The minifin surfaced inside the pyramid. Jason took a deep breath and opened the top. Brett muttered, “Wonder where we’re gonna end up this time.”
“Neri? Are you sure about this?”
“Charley says PRAXIS people are far away.”
“That’s not what I meant. Are you sure you want to know what this place is all about?”
“Mother wanted me to know.”
There wasn’t anything anyone could say to that.
Light shimmered through the main chamber and the hologram appeared.
“My daughter, it grieves me to know that you are watching this, for it means I have passed and can no longer be with you. For this message was recorded when you were a child, as a precaution in case Braevan and I passed before you could hear of your heritage from our lips. You must listen now my child, and listen carefully.”
“Five thousand years ago our people realized that despite the wonders of our technology, a race limited to one planet is always at risk. One day, we might have to leave it. The ancients prepared the way for us by building gate structures on the Opal Planet, structures that the people of that world later copied.”
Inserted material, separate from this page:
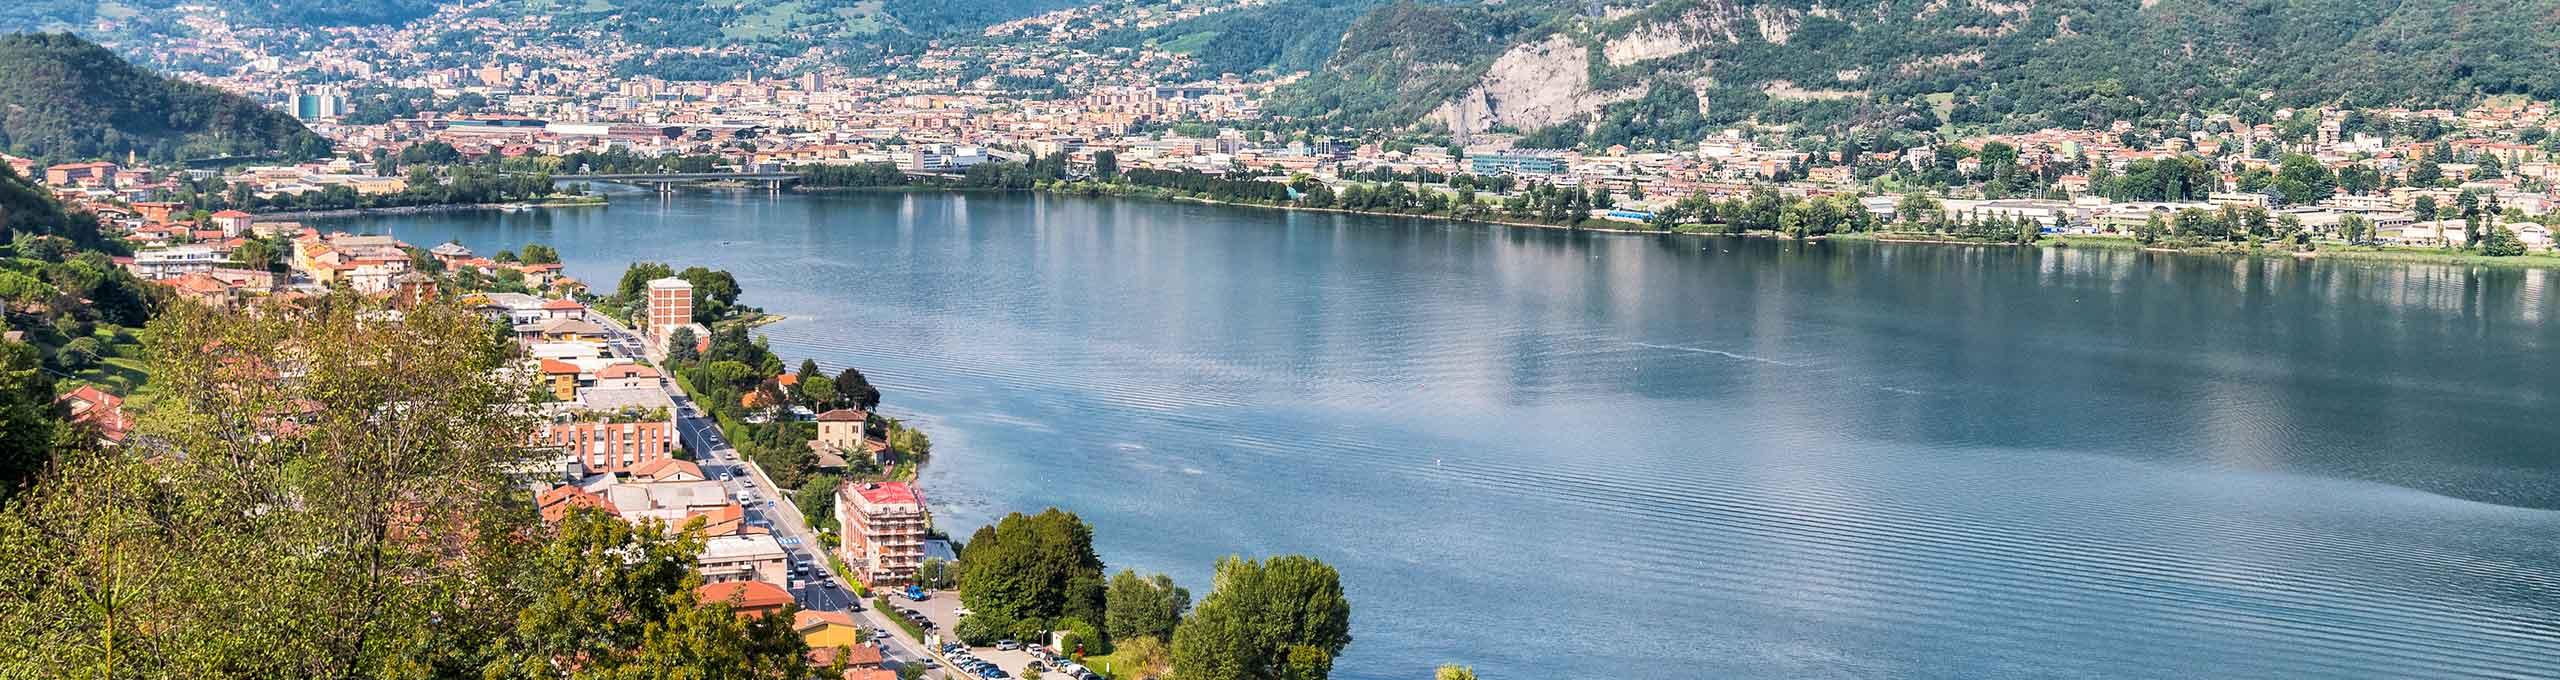 Garlate, Lago di Como, Lecco

“Now, in our own generation, the time we must leave may be at hand. Your father was sent to earth with the synchronium to prepare for our arrival. And you, as the chosen one, accompanied him.”
“Chosen one?” Brett whispered.
Elsewhere, Shersheba paced disconsolately on the balcony. Malakat put a hand on her shoulder. “Fear not, princess. We will find the underwater pyramid. We will find the golden ankh. And then, you will be queen.”
Shalamorn continued, “My daughter, you are a princess, and if things have gone as I fear… you are the hope of our people and the earth people.” The woman looked down—almost like she was trying not to cry. Then she sank back into the statue.
Jason murmured, “Amazing. You’re a princess.”